▶ **GIVEN DATA**
---

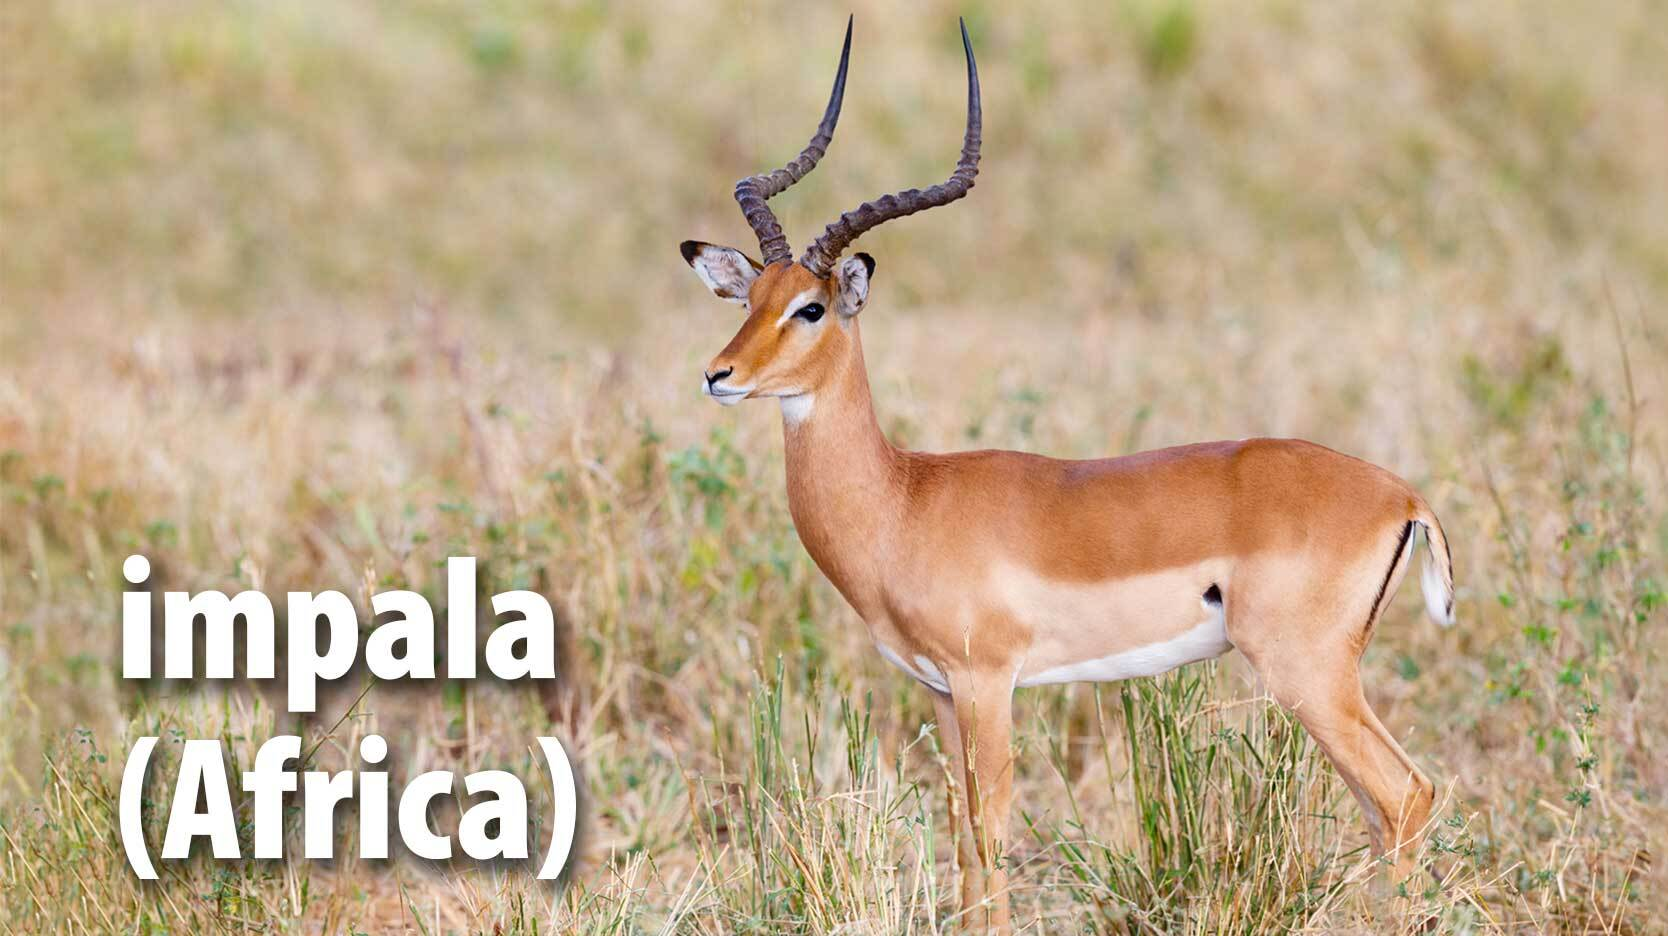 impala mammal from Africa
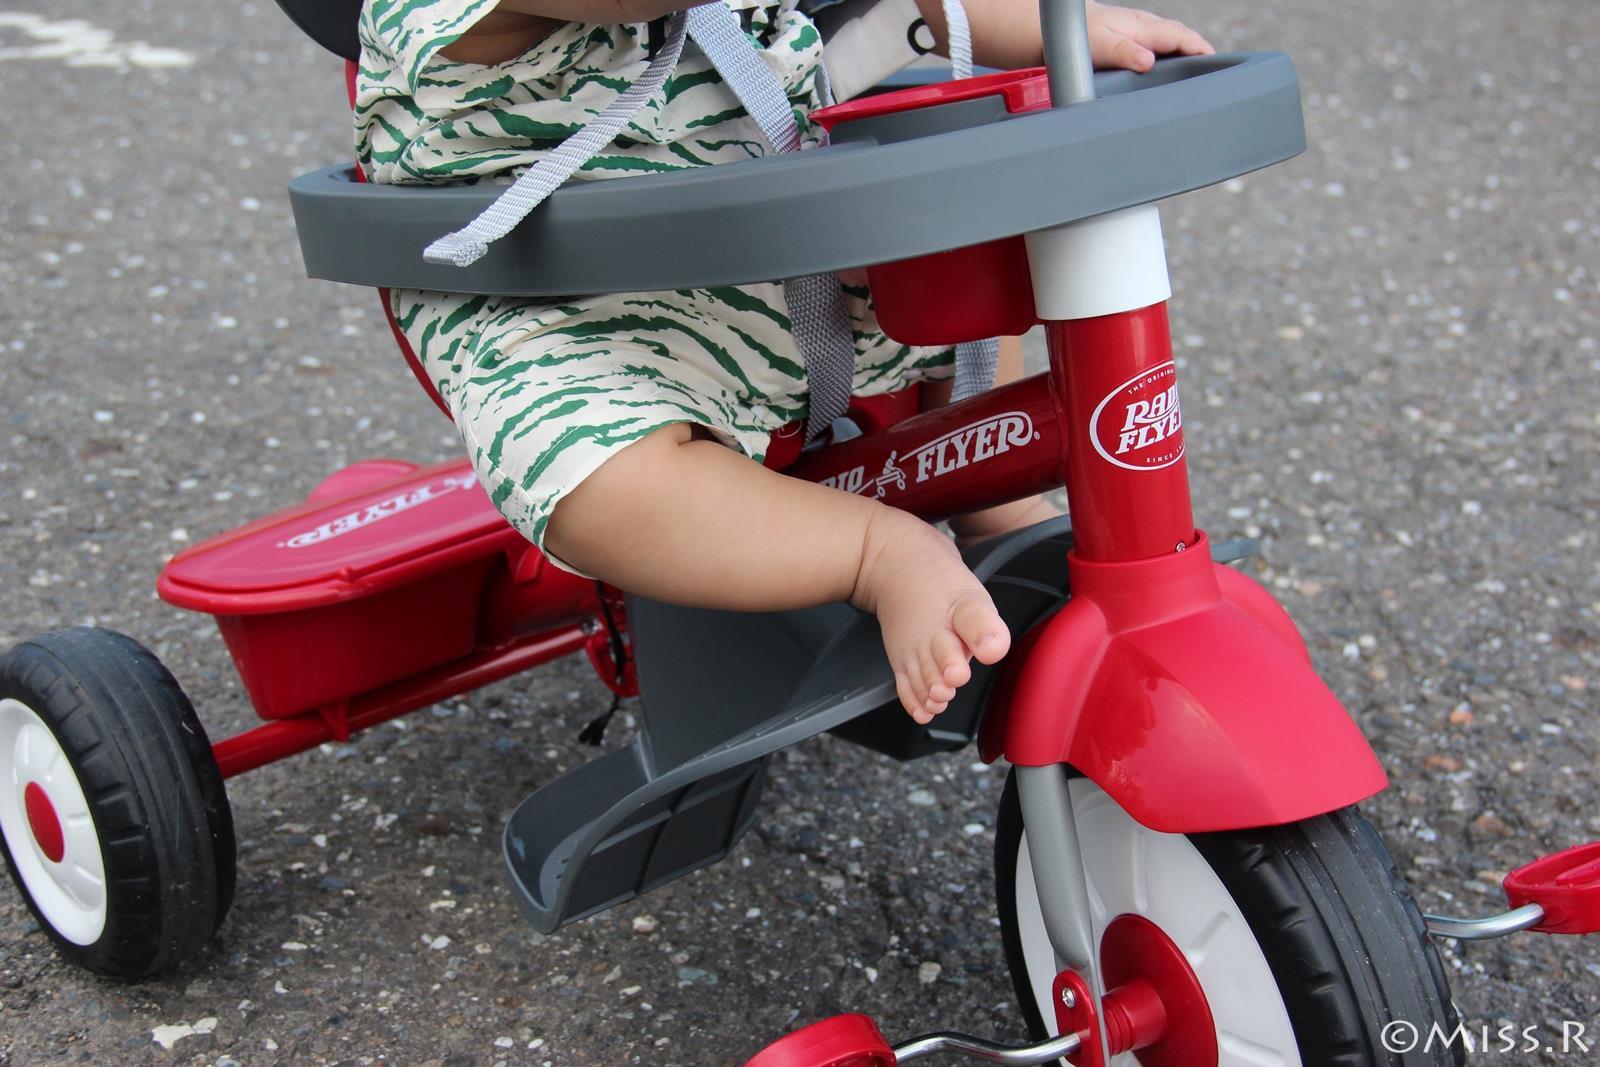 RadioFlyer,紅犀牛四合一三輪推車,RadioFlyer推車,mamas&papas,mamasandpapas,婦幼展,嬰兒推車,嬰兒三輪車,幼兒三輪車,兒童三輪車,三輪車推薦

---

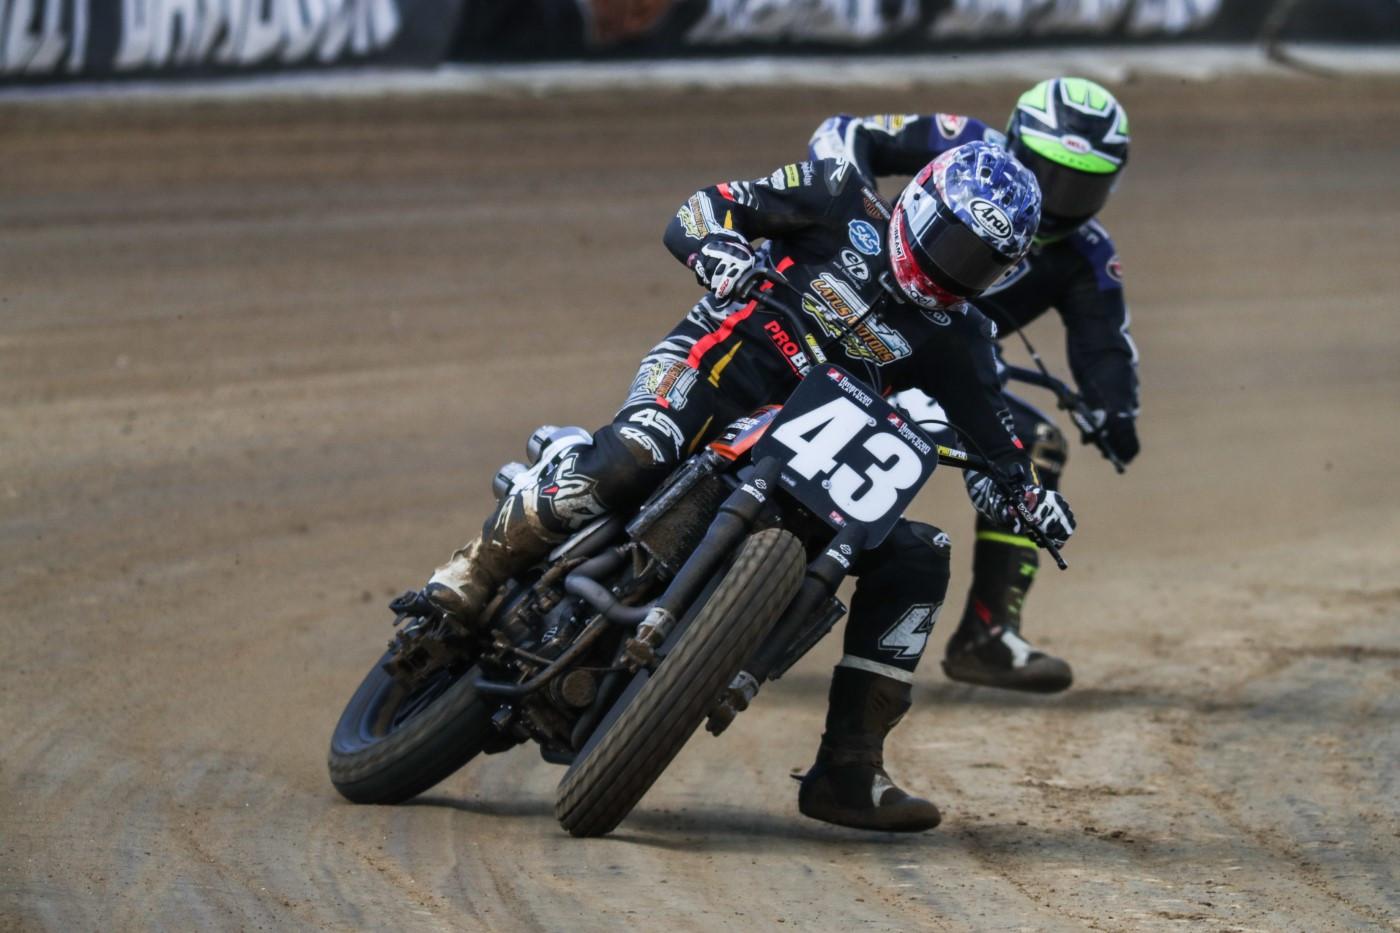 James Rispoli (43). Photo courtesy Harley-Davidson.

---

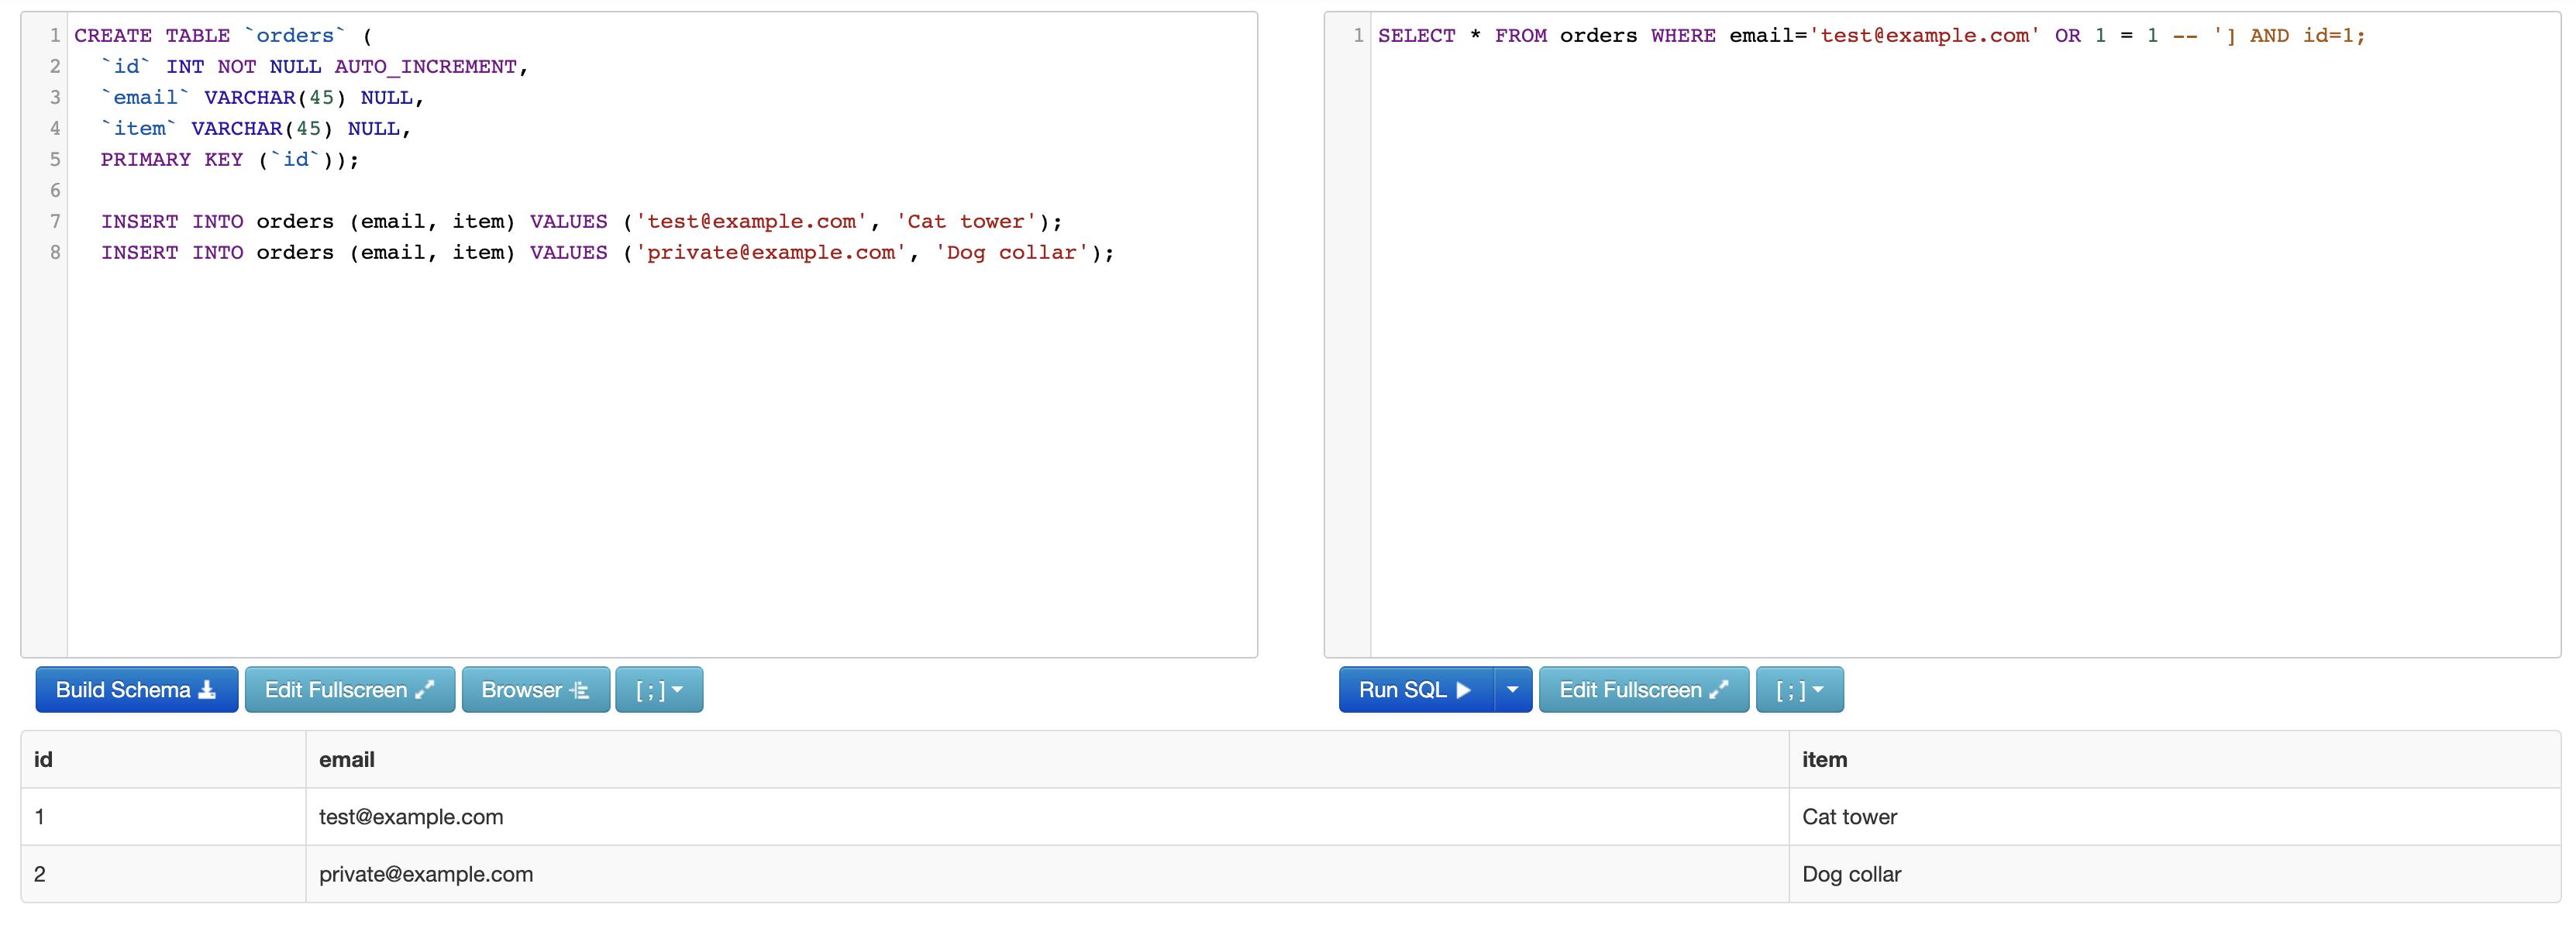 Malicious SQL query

---

▶ **TRY IT**
From the listing above, restate verbatim the lines running from the one with "impala mammal from Africa" through the one with "RadioFlyer,紅犀牛", inclusive, but not the pictures.

▶ **OUTPUT FOR THIS EXERCISE**
 impala mammal from Africa
 RadioFlyer,紅犀牛四合一三輪推車,RadioFlyer推車,mamas&papas,mamasandpapas,婦幼展,嬰兒推車,嬰兒三輪車,幼兒三輪車,兒童三輪車,三輪車推薦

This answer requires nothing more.